A Survey on Banknote Recognition Methods by Various Sensors.

作者信息

Lee Ji Woo, Hong Hyung Gil, Kim Ki Wan, Park Kang Ryoung

机构信息

Division of Electronics and Electrical Engineering, Dongguk University, 30 Pildong-ro 1-gil, Jung-gu, Seoul 100-715, Korea.

出版信息

Sensors (Basel). 2017 Feb 8;17(2):313. doi: 10.3390/s17020313.

Abstract

Despite a decrease in the use of currency due to the recent growth in the use of electronic financial transactions, real money transactions remain very important in the global market. While performing transactions with real money, touching and counting notes by hand, is still a common practice in daily life, various types of automated machines, such as ATMs and banknote counters, are essential for large-scale and safe transactions. This paper presents studies that have been conducted in four major areas of research (banknote recognition, counterfeit banknote detection, serial number recognition, and fitness classification) in the accurate banknote recognition field by various sensors in such automated machines, and describes the advantages and drawbacks of the methods presented in those studies.
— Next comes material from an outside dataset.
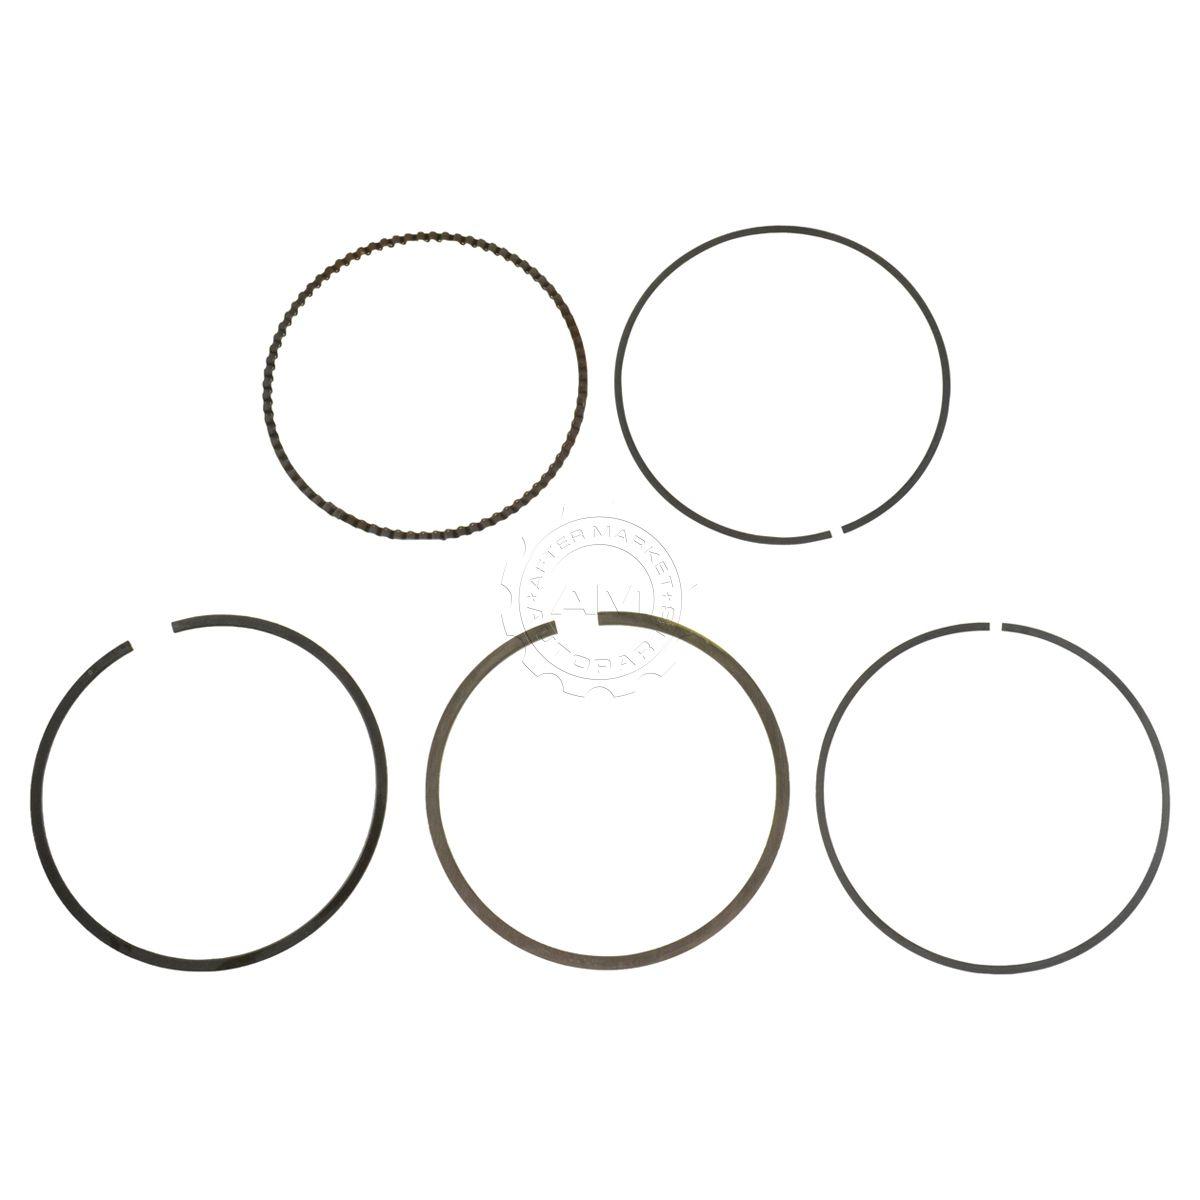 Oem Engine Piston Ring Kit Set 4 6 Cylinder Standard Size

While to a limited extent some surveys have been presented in previous studies in the areas of banknote recognition or counterfeit banknote recognition, this paper is the first of its kind to review all four areas. Techniques used in each of the four areas recognize banknote information (denomination, serial number, authenticity, and physical condition) based on image or sensor data, and are actually applied to banknote processing machines across the world. This study also describes the technological challenges faced by such banknote recognition techniques and presents future directions of research to overcome them.

摘要

尽管由于近期电子金融交易的增长,货币的使用有所减少,但现金交易在全球市场中仍然非常重要。在用现金进行交易时,手动触摸和清点纸币在日常生活中仍然很常见,而各种自动化机器,如自动取款机和点钞机,对于大规模和安全的交易至关重要。本文介绍了在这种自动化机器中,各种传感器在准确的纸币识别领域的四个主要研究领域(纸币识别、假钞检测、序列号识别和真伪分类)所进行的研究,并描述了这些研究中所提出方法的优缺点。虽然在之前的研究中,在纸币识别或假钞识别领域已经有了一些有限的调查,但本文是第一篇对所有四个领域进行综述的文章。这四个领域中每个领域所使用的技术都基于图像或传感器数据识别纸币信息(面额、序列号、真伪和物理状况),并且实际上已应用于全球的纸币处理机器。本研究还描述了这种纸币识别技术所面临的技术挑战,并提出了克服这些挑战的未来研究方向。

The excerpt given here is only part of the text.